What Small Remote Teams Actually Need
Before examining specific tools, consider what matters most for a two-person backend team working remotely:
- Fast feedback cycles: Both developers need quick test results to maintain velocity across time zones
- Minimal configuration overhead: Time spent on pipeline maintenance directly impacts feature development
- Cost efficiency: Free tiers and reasonable pricing for small projects
- Strong GitHub/GitLab integration: Most backend teams already host code on these platforms
- Deployment flexibility: Support for various hosting targets (AWS, GCP, Heroku, self-hosted)
GitHub Actions: The Default Choice
For teams already using GitHub, Actions provides the lowest friction path to CI/CD. The workflow configuration lives in your repository, and the free tier includes substantial compute time.

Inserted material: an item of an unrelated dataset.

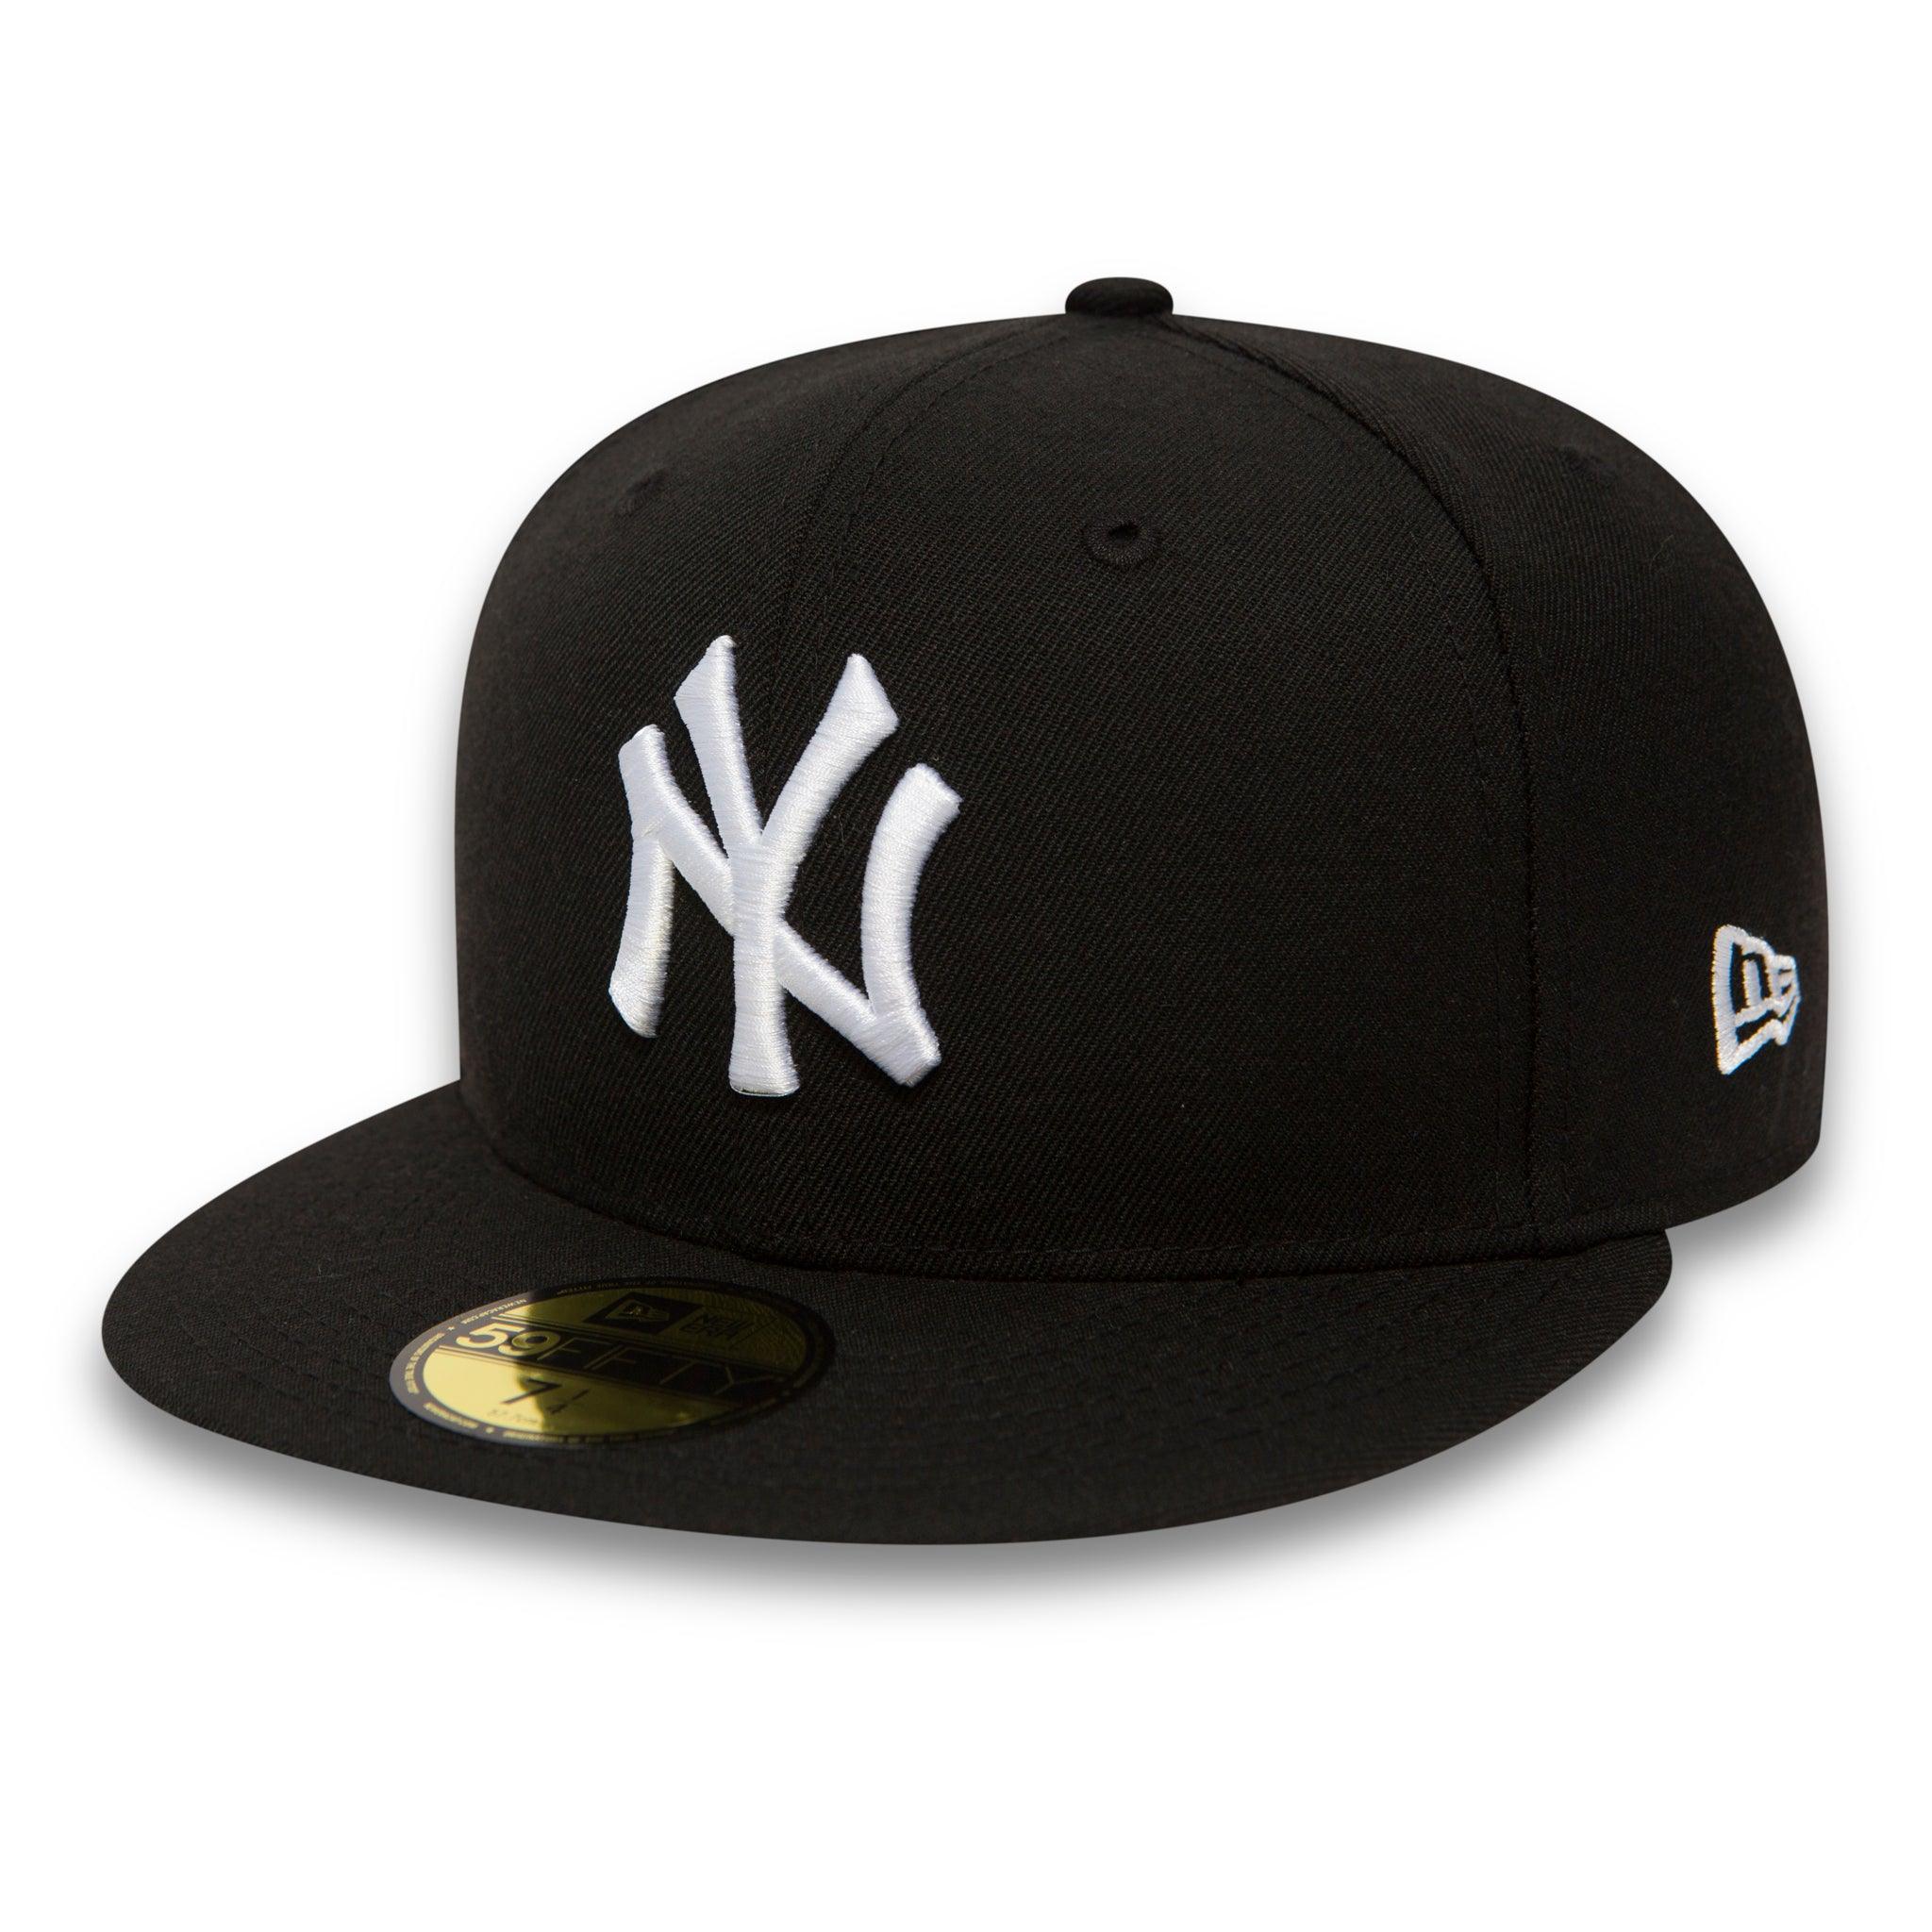 Caps New Era 59Fifty MLB Basic New York Yankees Cap Scarlet/ White

A basic CI workflow for a Node.js backend service:
name: CI
on:
push:
branches: [main]
pull_request:
branches: [main]
jobs:
test:
runs-on: ubuntu-latest
steps:
- uses: actions/checkout@v4
- name: Setup Node.js
uses: actions/setup-node@v4
with:
node-version: '20'
cache: 'npm'
- name: Install dependencies
run: npm ci
- name: Run tests
run: npm test
- name: Run linting
run: npm run lint
This configuration runs on every push and pull request. The cache: 'npm' directive caches node_modules, significantly speeding up subsequent runs.

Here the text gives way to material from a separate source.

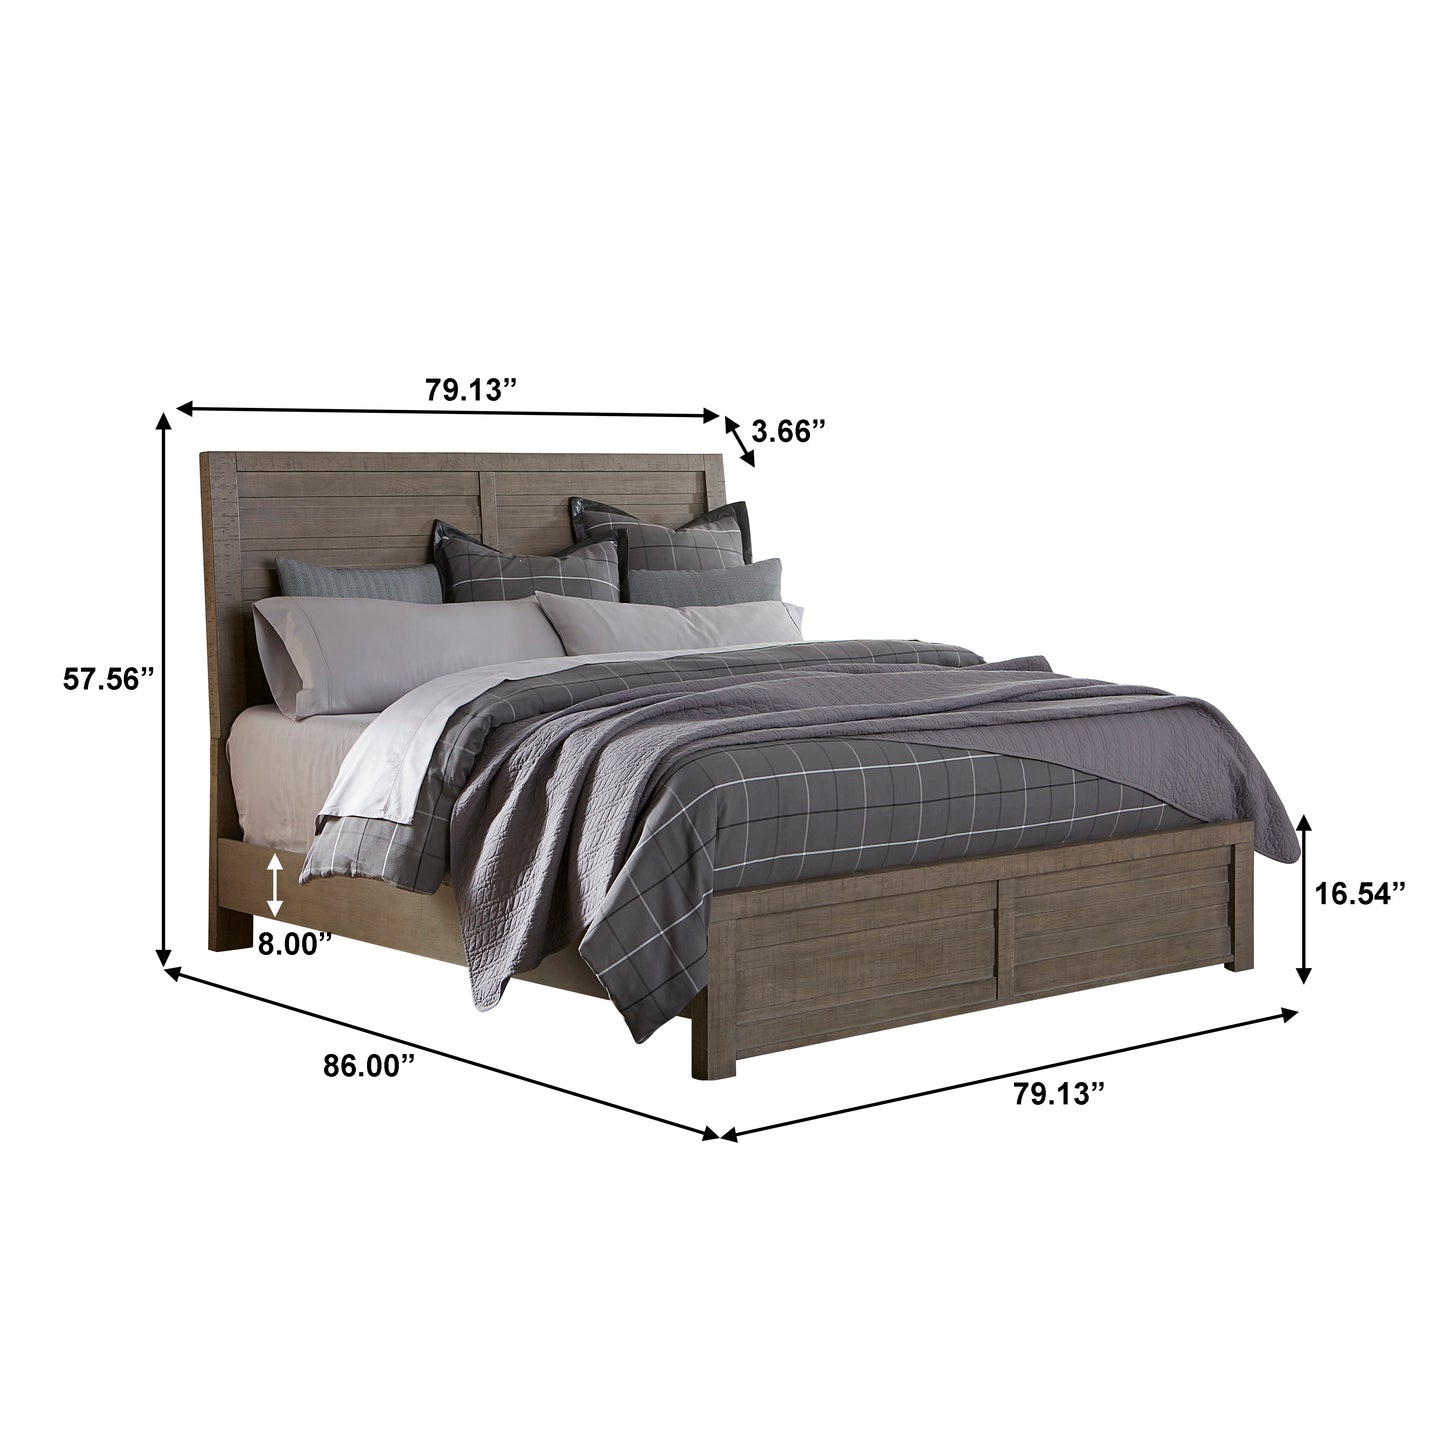 Sedona Transitional Medium Gray Wood Panel Bed

For deployment, add a job that runs after tests pass:
deploy:
needs: test
runs-on: ubuntu-latest
if: github.ref == 'refs/heads/main'
steps:
- uses: actions/checkout@v4
- name: Deploy to production
env:
DEPLOY_KEY: ${{ secrets.DEPLOY_KEY }}
run: |
echo "$DEPLOY_KEY" > deploy_key
chmod 600 deploy_key
ssh -o StrictHostKeyChecking=no $SERVER "cd /app && git pull && npm run deploy"
The needs: test dependency ensures deployment only happens after successful tests. The if condition restricts deployment to the main branch.

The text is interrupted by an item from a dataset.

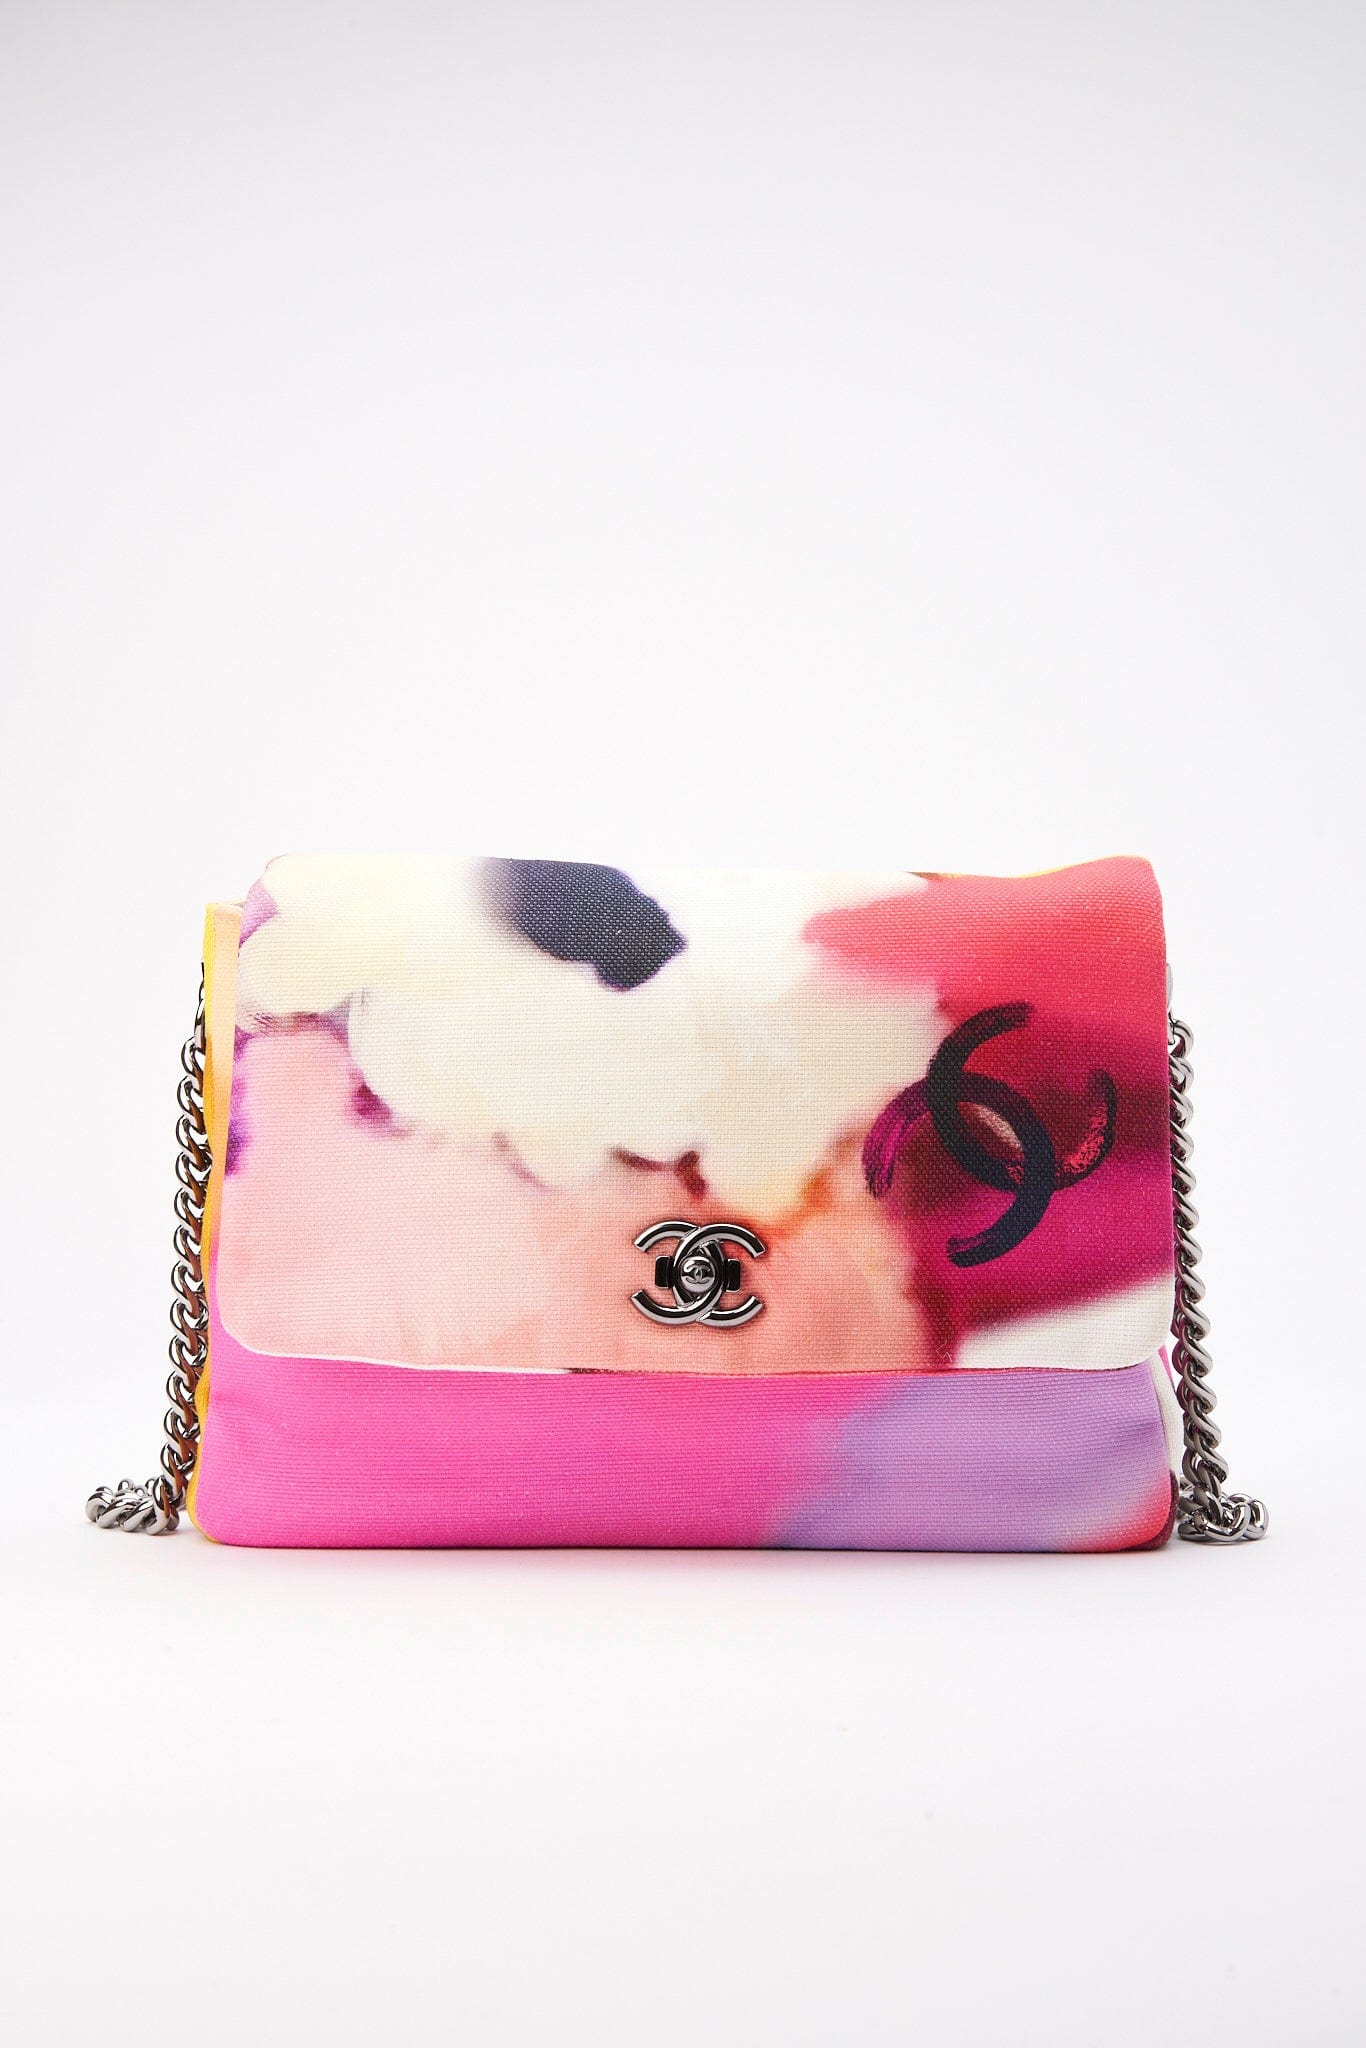 2015 Chanel Floral Watercolour Flap Bag - Never Worn

GitLab CI: Strong Free Tier
If your team uses GitLab, their CI/CD offering deserves attention. The free tier includes 400 pipeline minutes monthly with unlimited CI/CD minutes on self-hosted runners—a significant advantage for teams wanting more control.
GitLab CI uses .gitlab-ci.yml in your repository root:
stages:
- test
- build
- deploy
test:
stage: test
image: node:20
cache:
key: ${CI_COMMIT_REF_SLUG}
paths:
- node_modules/
script:
- npm ci
- npm test
- npm run lint
build:
stage: build
image: node:20
script:
- npm ci
- npm run build
artifacts:
paths:
- dist/
expire_in: 1 hour
deploy:
stage: deploy
script:
- echo "Deploying to production"
only:
- main
The cache directive works similarly to GitHub Actions. Artifacts pass build outputs between stages, useful for multi-stage deployments or passing compiled assets.
CircleCI: Speed and Parallelism
CircleCI excels at execution speed through smart resource allocation and efficient container reuse. Their free tier includes 6,000 build minutes monthly—generous for two-person teams.
version: 2.1
orbs:
node: circleci/node@5.1.0
workflows:
build-and-test:
jobs:
- node/test:
version: '20'
pkg-manager: npm
app-dir: .
- node/test:
version: '20'
pkg-manager: npm
app-dir: ./backend-api
workflow-name: test-backend
jobs:
deploy:
docker:
- image: cimg/base:stable
steps:
- checkout
- setup_remote_docker
- run:
name: Deploy
command: ./scripts/deploy.sh
workflows:
deploy-on-merge:
jobs:
- test:
filters:
branches:
only: main
- deploy:
requires:
- test
filters:
branches:
only: main
CircleCI’s strength lies in parallelism. Split tests across multiple containers to dramatically reduce overall pipeline time:
test:
docker:
- image: cimg/node:20
steps:
- checkout
- run: npm ci
- run:
name: Run tests in parallel
command: npm run test -- --split-by=tests
Specialized Tools for Small Teams
Beyond general-purpose CI/CD platforms, several tools address specific needs for small remote teams.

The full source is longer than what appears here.